While using filebeat, I encountered an odd issue where two servers configured with the same way behaved very differently. One of them works perfectly fine and the other one works at a very slow pace. So I know the problem lies somewhere in the infrastructure and not on filebeat.
While comparing the slow and fast server, I noticed differences in the following metrics:
monitoring.metrics.libbeat.output.events.active : 4000 on the slow server, sub 10 on the fast one.

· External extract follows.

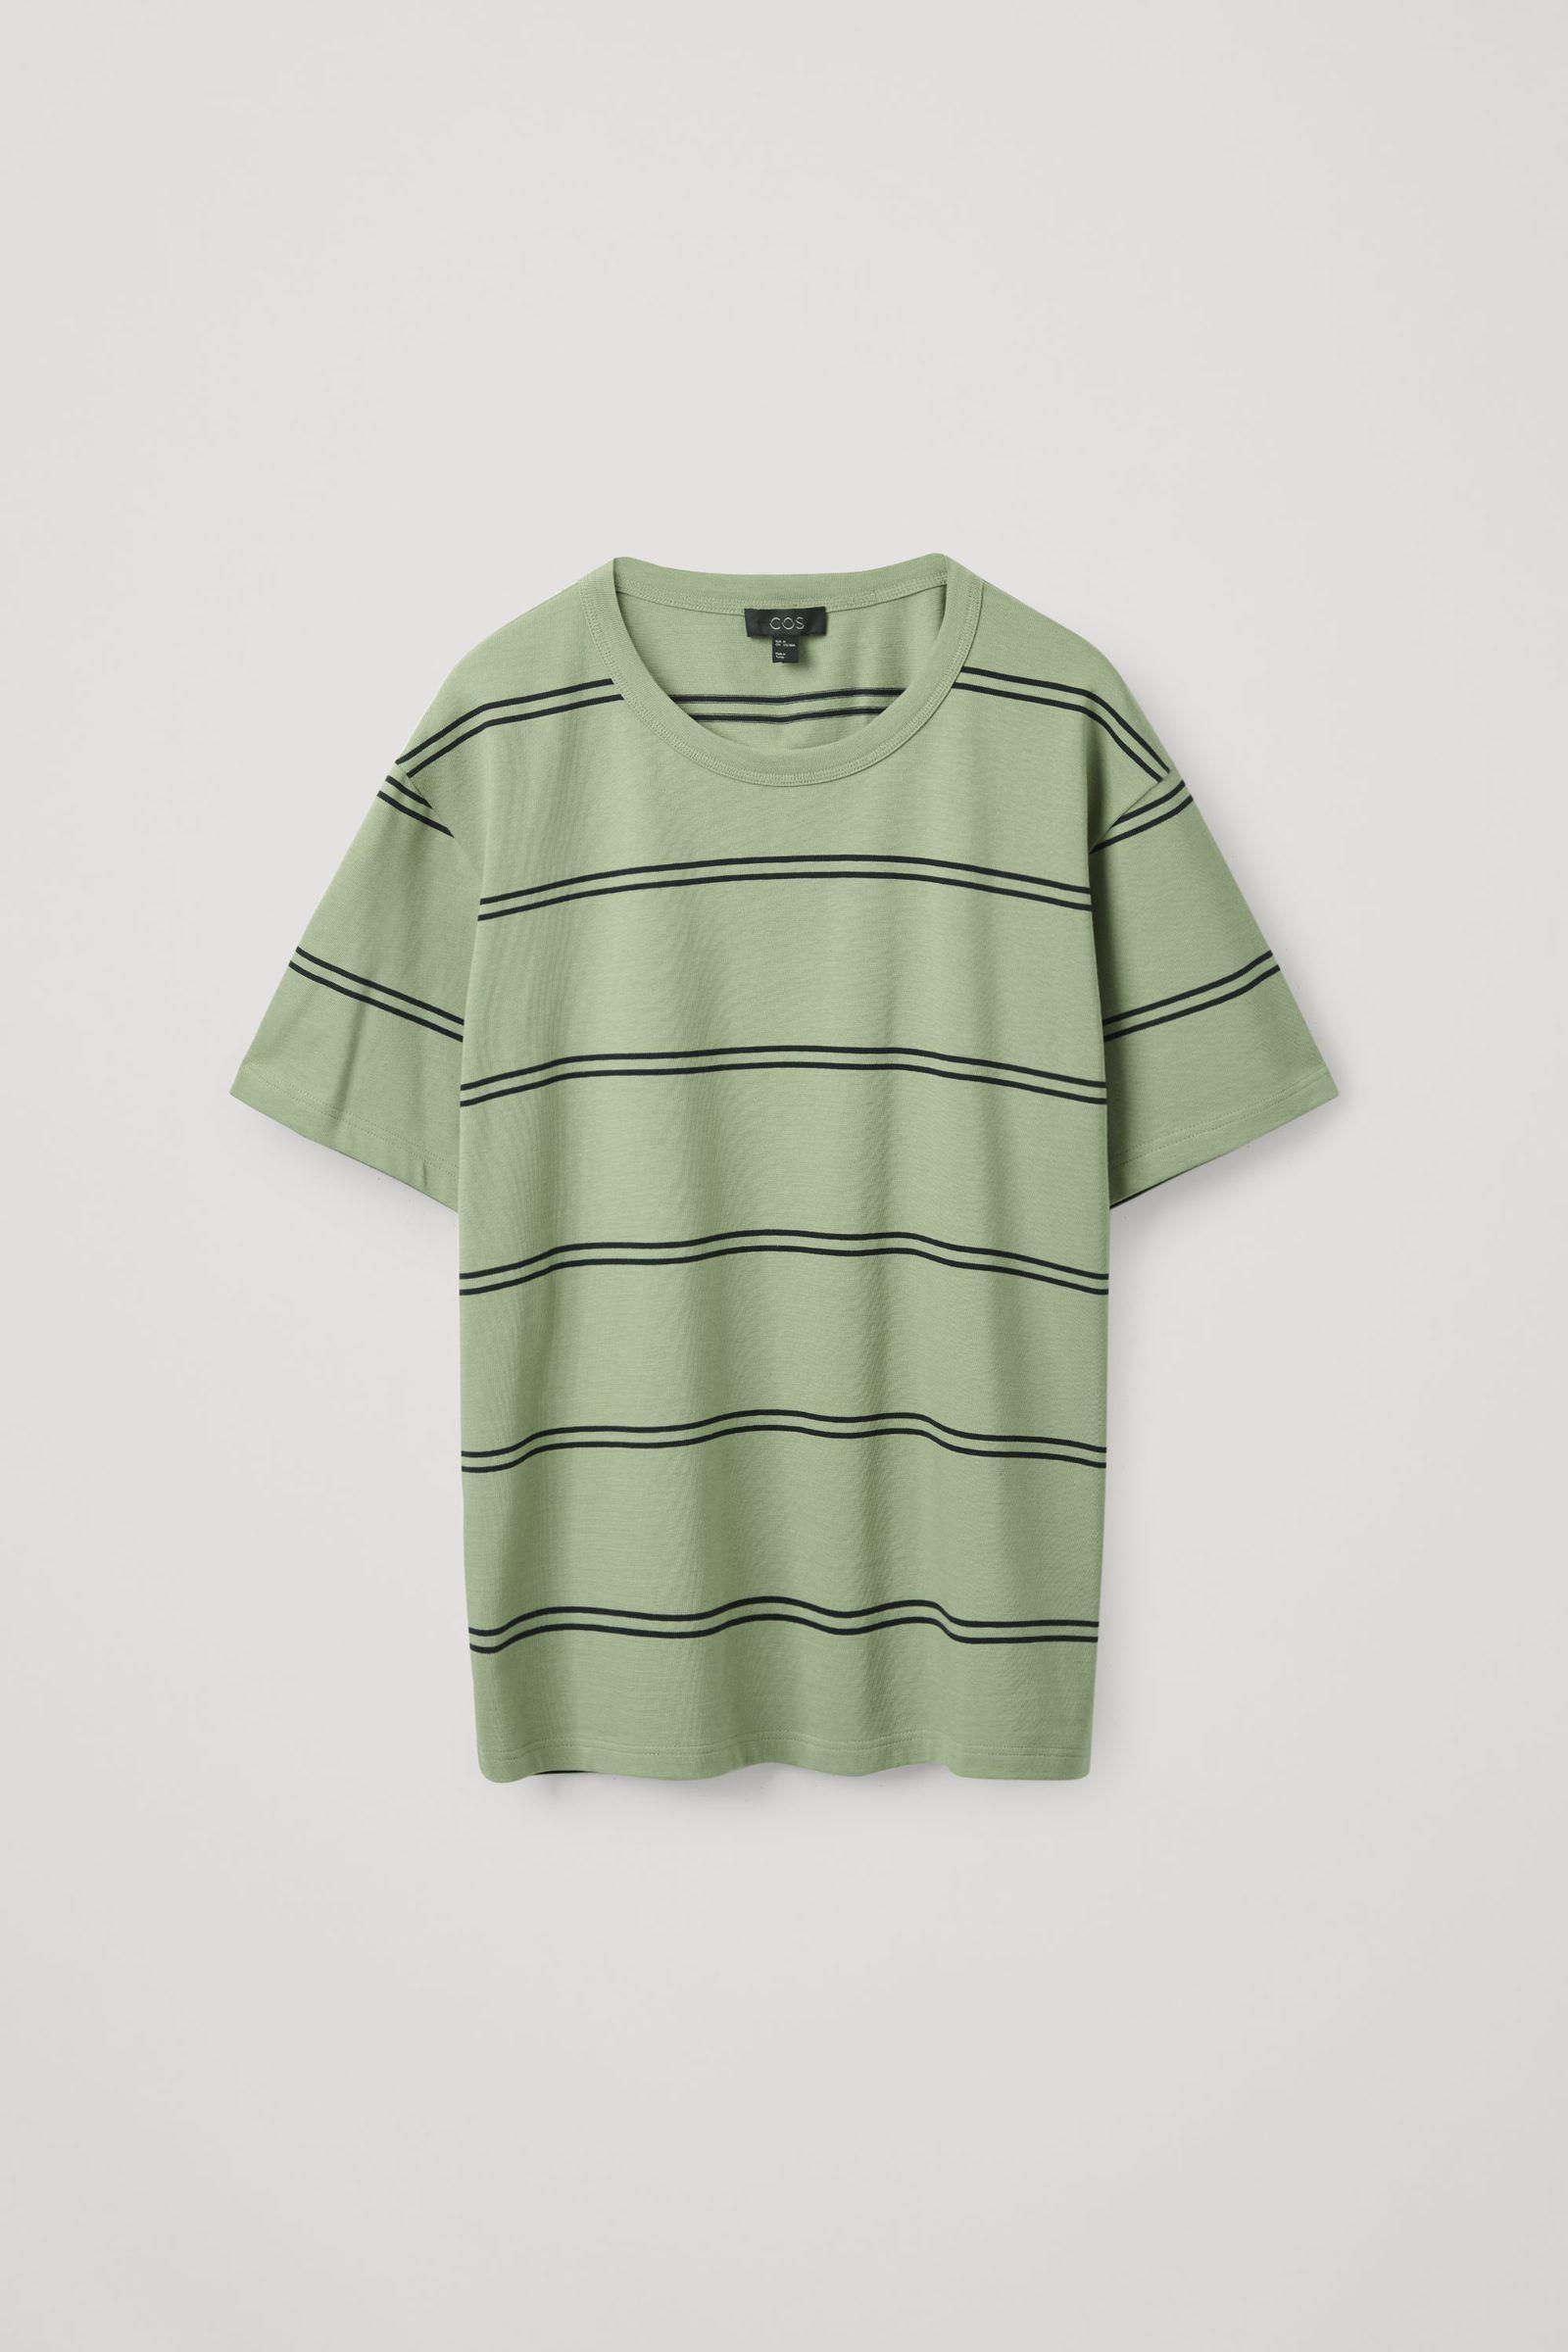 COS 릴랙스드 핏 티셔츠의 라이트 카키 그린 / 블랙컬러 Product입니다.

monitoring.metrics.libbeat.output.events.failed : 4000 on the slow server, zero on the fast one.
To troubleshoot this issue, I turned on all the debug logs for a few minutes by running :
filebeat -e -d "*"
Reading through the entire debug logs, I couldn't find any clue to tell me why some events reached the failed state.
Hence my questions :
- Did I miss a configuration flag to enable Kafka output debug logs ?
- If not, should Kafka output generate logs when messages reach the failed status ?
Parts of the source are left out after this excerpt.